Here we go then, this is just about the last major bit of rotten metal anywhere on the car, so it’s quite a milestone to be cutting this lot out.
The edges of the front scuttle panel where it meets the front wings and the corners of the windscreen were another disasterously bad area of my car which I had not repaired properly first time round. The picture below shows the standard of the previous attempt, scrunched up newspaper that had been covered over with inches of body filler. I initially tried convince myself it could not have been my own work, but the date on the newspaper was July 1996, after I bought the car, so it’s a fair cop!
Anyway, we’re doing things properly this time round… On with removing the windscreen frame. The outer edges of the A-posts use the same stitched spot welds as the edge of the roof panel that I was contending with yesterday, so I used the same technique with the edge of a grinding disc to thin them out. At the top of the A-posts there is this substantial supporting structure with multiple spot welds to drill out. This releases the top horizontal section of the windscreen frame, which I’ve just cut off in the picture below.
I did the same again on the other side and then I was left with just the main scuttle section of the panel to remove. This is reasonably simple, just very time consuming to drill out so many spot welds – I counted about 170 spots holding this panel on!

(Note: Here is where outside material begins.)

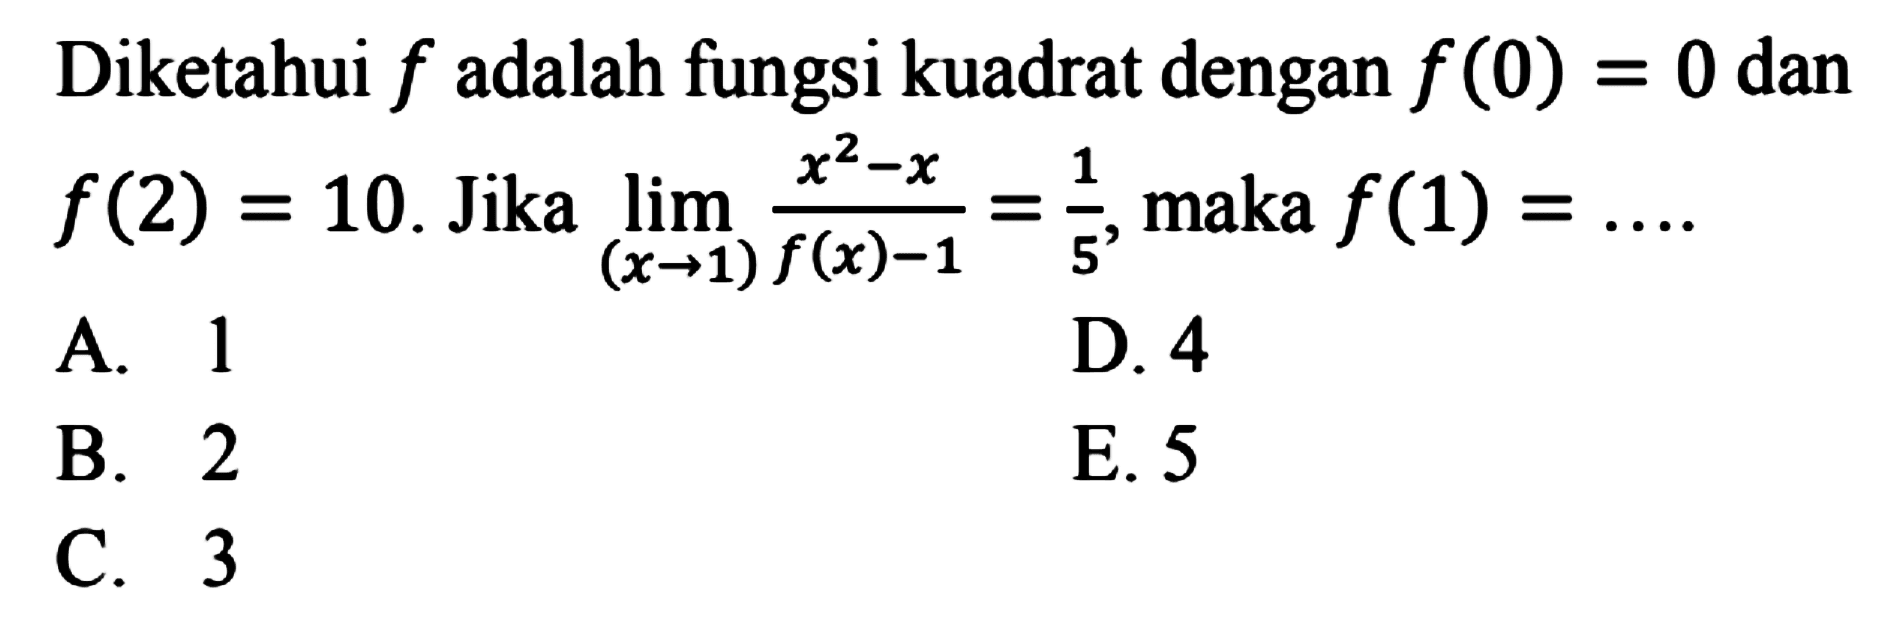 Diketahui f adalah fungsi kuadrat dengan f(0)=0 dan f(2)=10. Jika limit (x->1) (x^2-x)/(f(x)-1)=1/5, maka f(1)=.... 
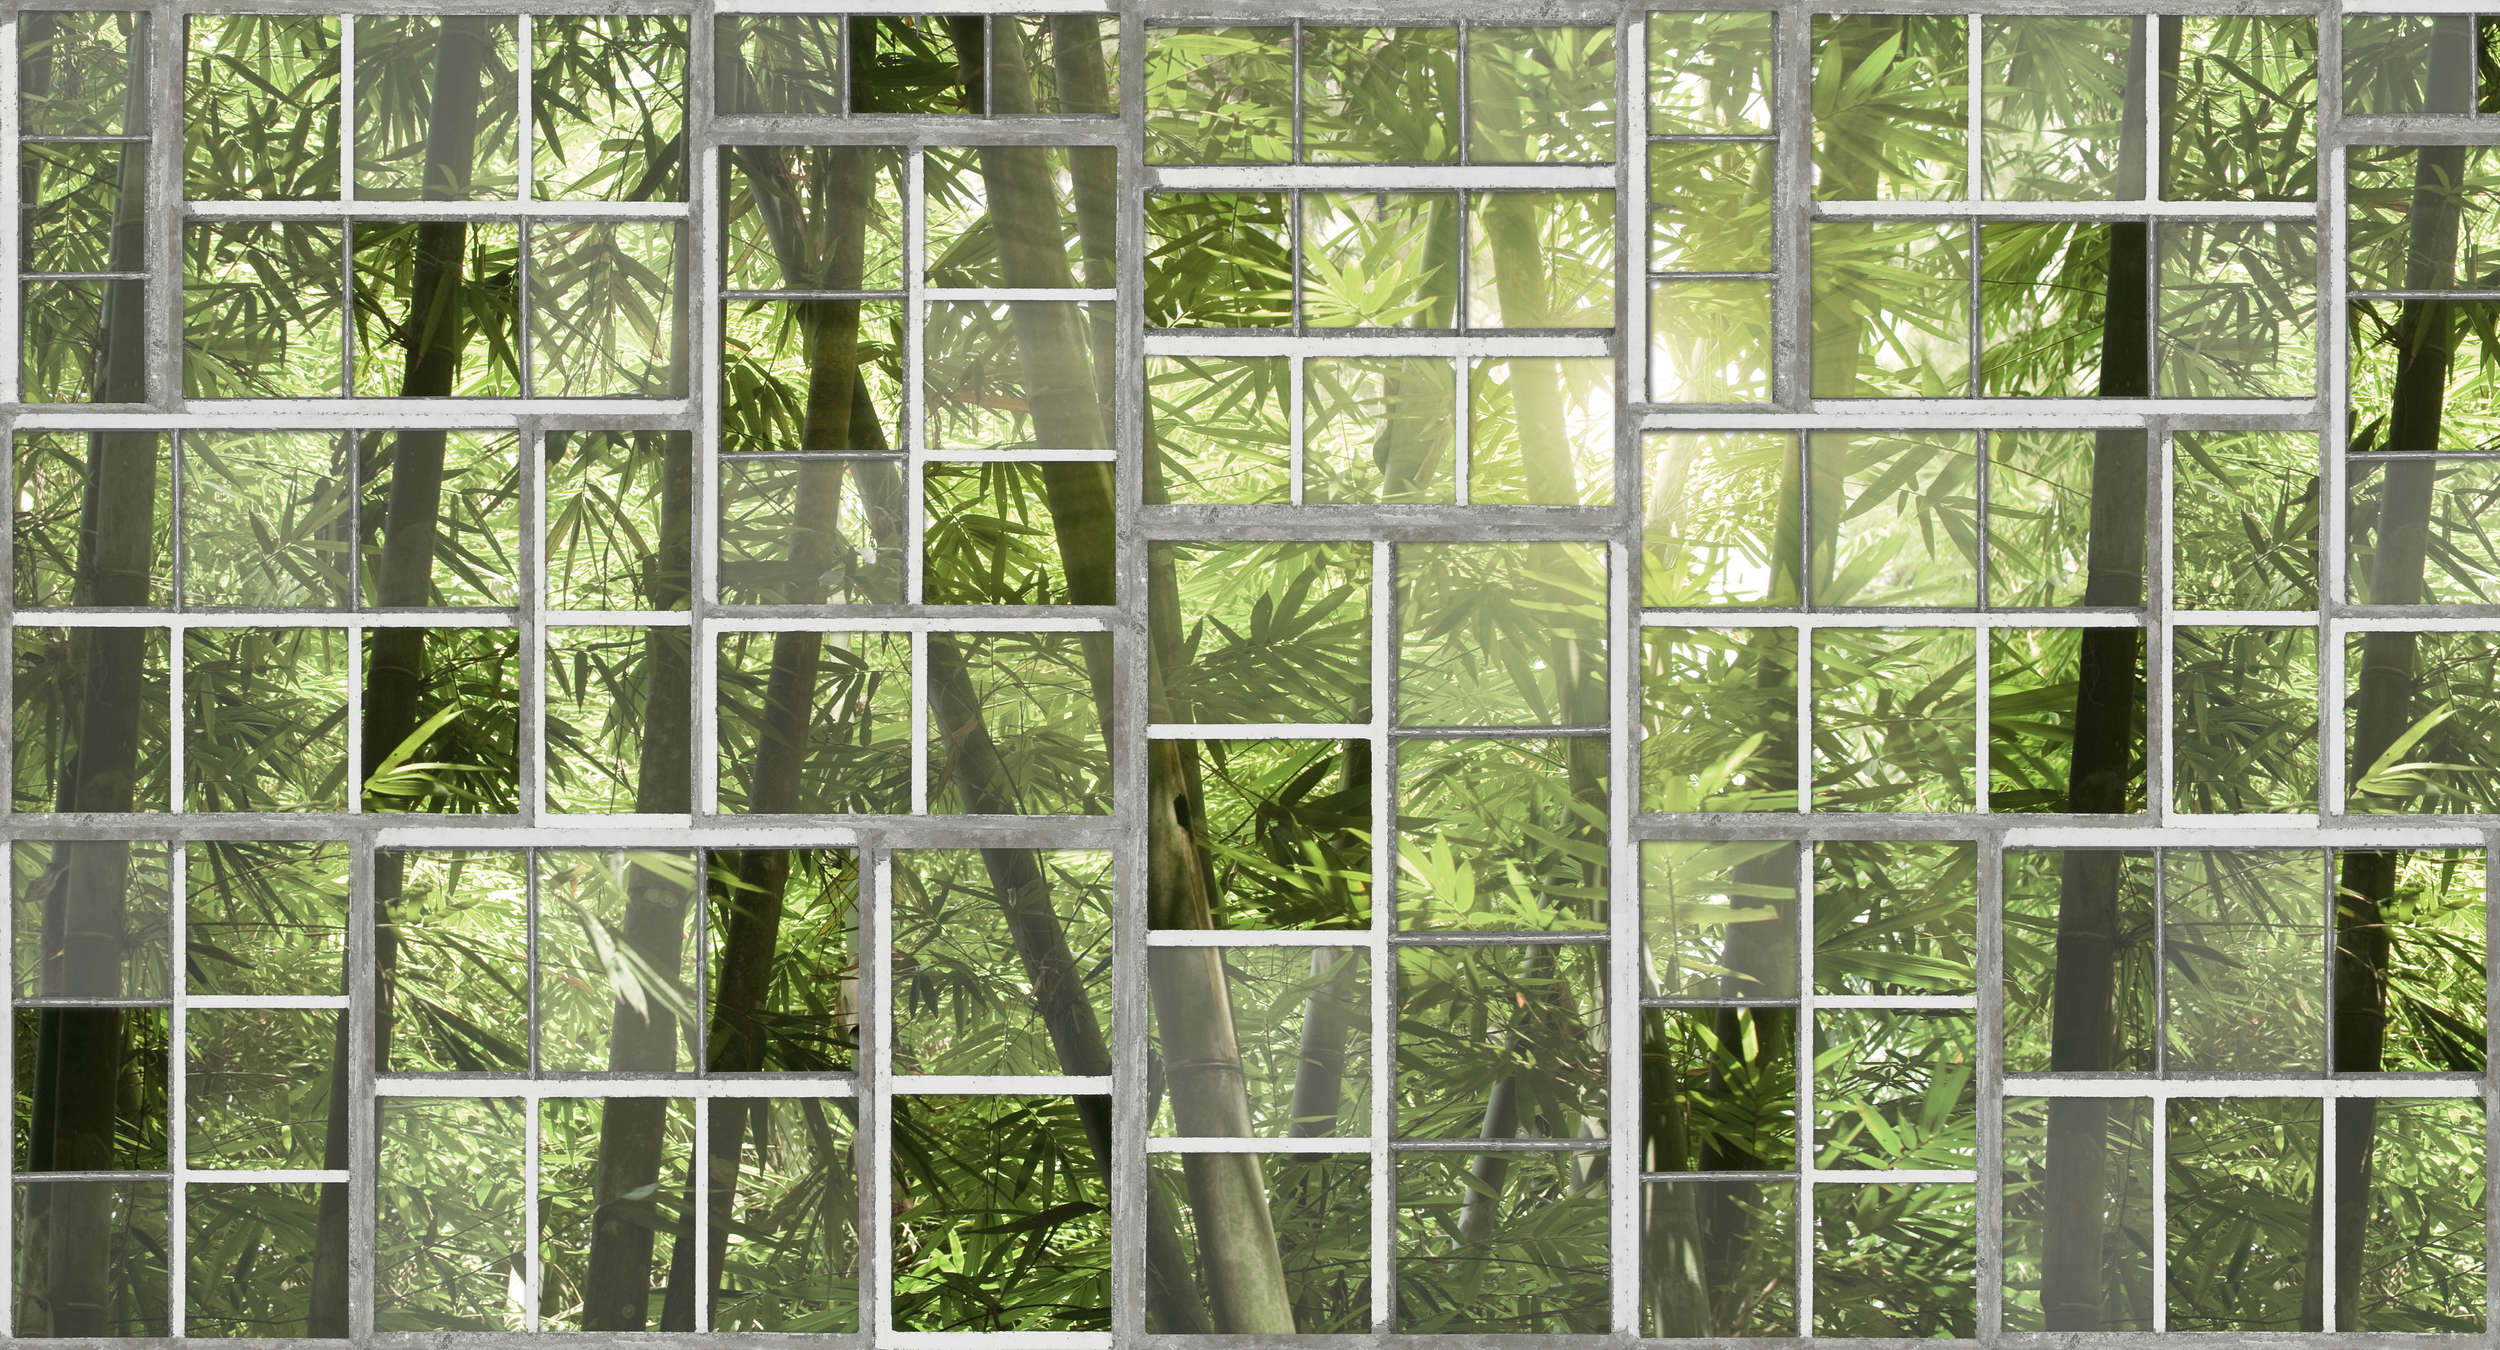             Fotomurali Finestra con vista sulla giungla, look retrò - Verde, grigio, bianco

Once that was out I ground back any spots that hadn’t come away cleanly, and then gave everything a good blast with the wire whel. There was no rot on any of the remaining panels thankfully, just the usual surface rust, so everything came back to clean shiny metal.
Finished up today by priming all the exposed metal, and I’ll paint the areas which will be hidden by the new panels properly before I start welding them on.
Hopefully I’ll keep up this current momentum and have the new scuttle and roof on within the next few days. Feels good to be working through my stockpile of new parts again and making some space in the shed!